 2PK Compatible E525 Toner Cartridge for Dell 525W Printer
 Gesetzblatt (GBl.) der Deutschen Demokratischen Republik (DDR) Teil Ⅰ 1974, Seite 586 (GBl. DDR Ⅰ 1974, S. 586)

==

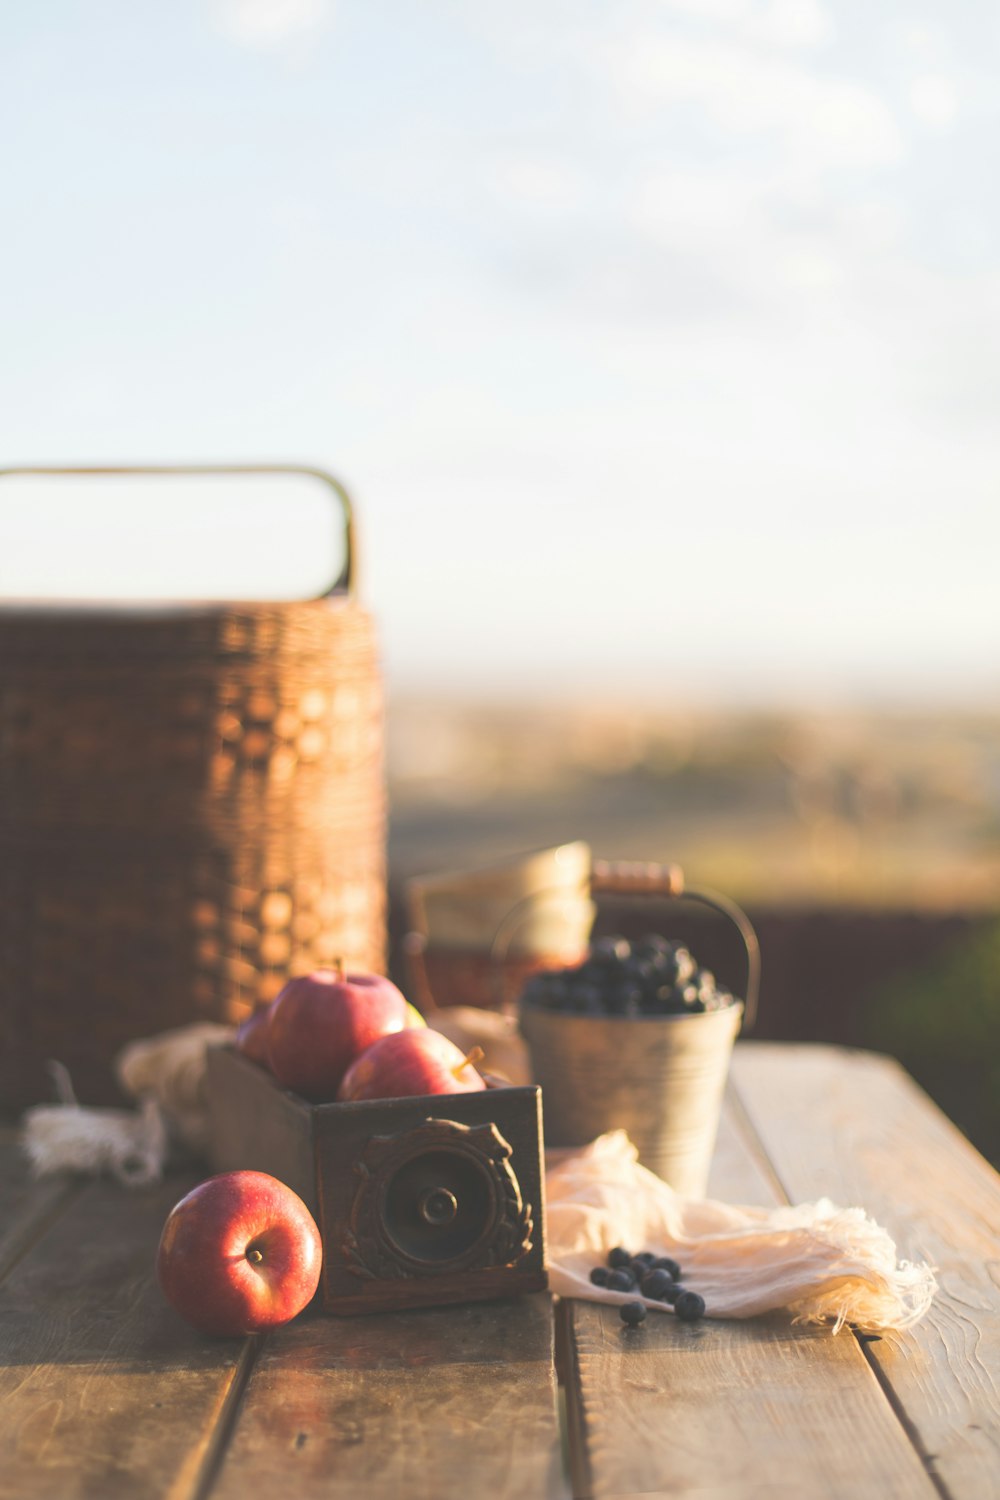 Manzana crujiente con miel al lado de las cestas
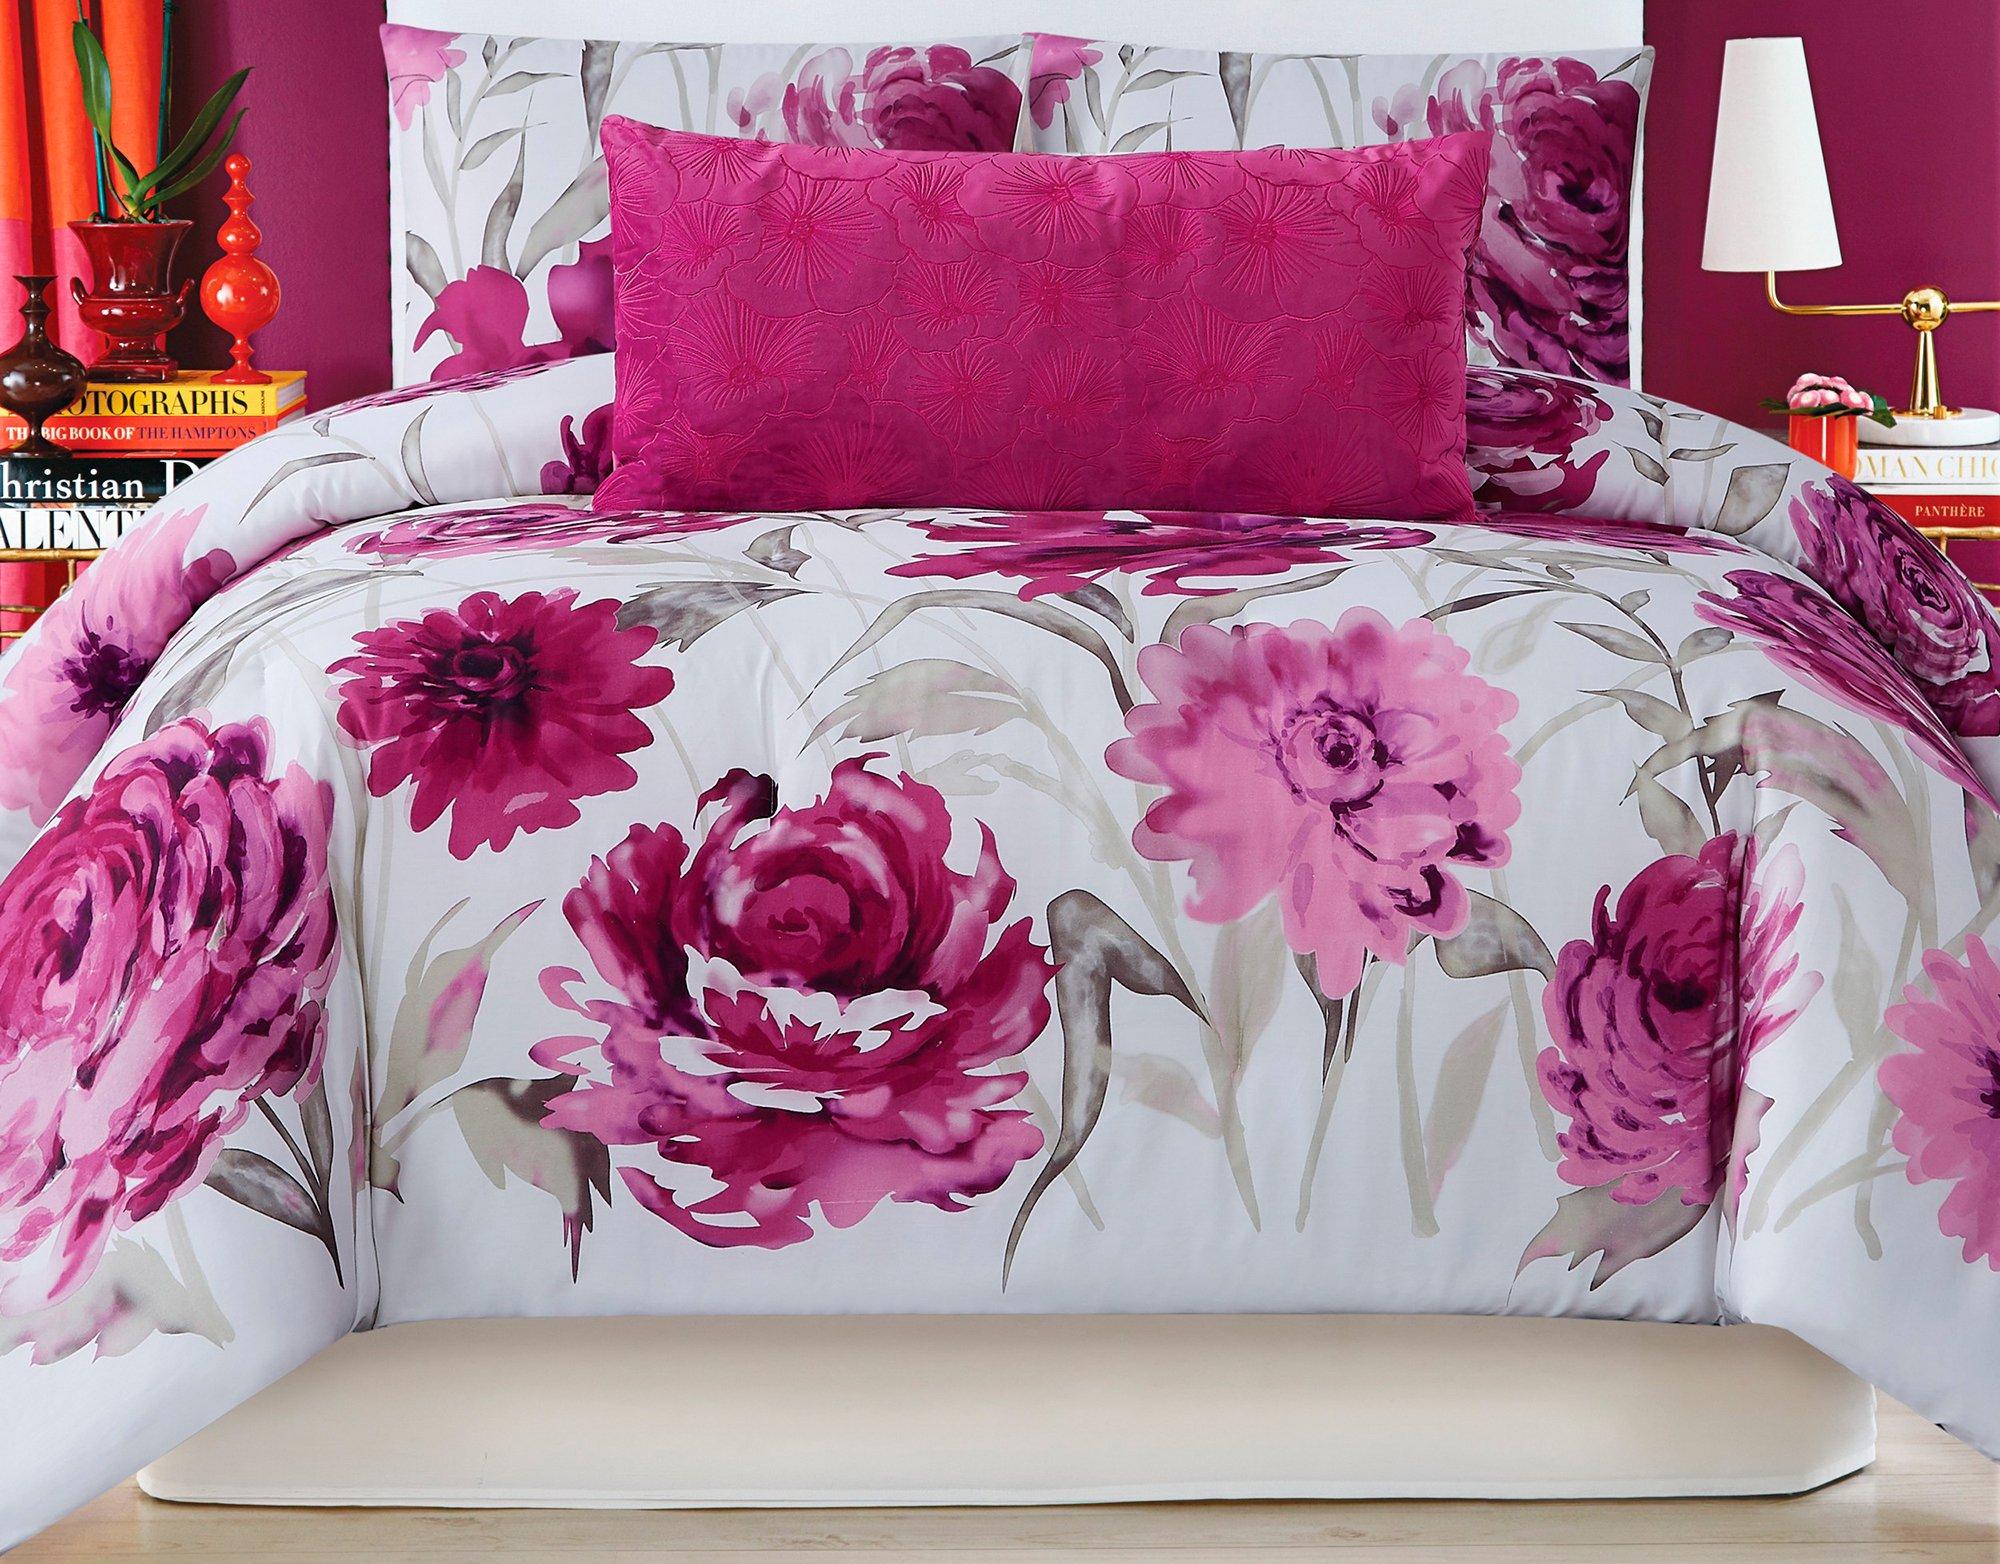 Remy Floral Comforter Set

> TO DO: Working from the material above, retype exactly the lines from the one with "2PK Compatible E525" through the one with "Gesetzblatt (GBl.) der", both included, and only those lines.

> COMPLETED TASK:
 2PK Compatible E525 Toner Cartridge for Dell 525W Printer
 Gesetzblatt (GBl.) der Deutschen Demokratischen Republik (DDR) Teil Ⅰ 1974, Seite 586 (GBl. DDR Ⅰ 1974, S. 586)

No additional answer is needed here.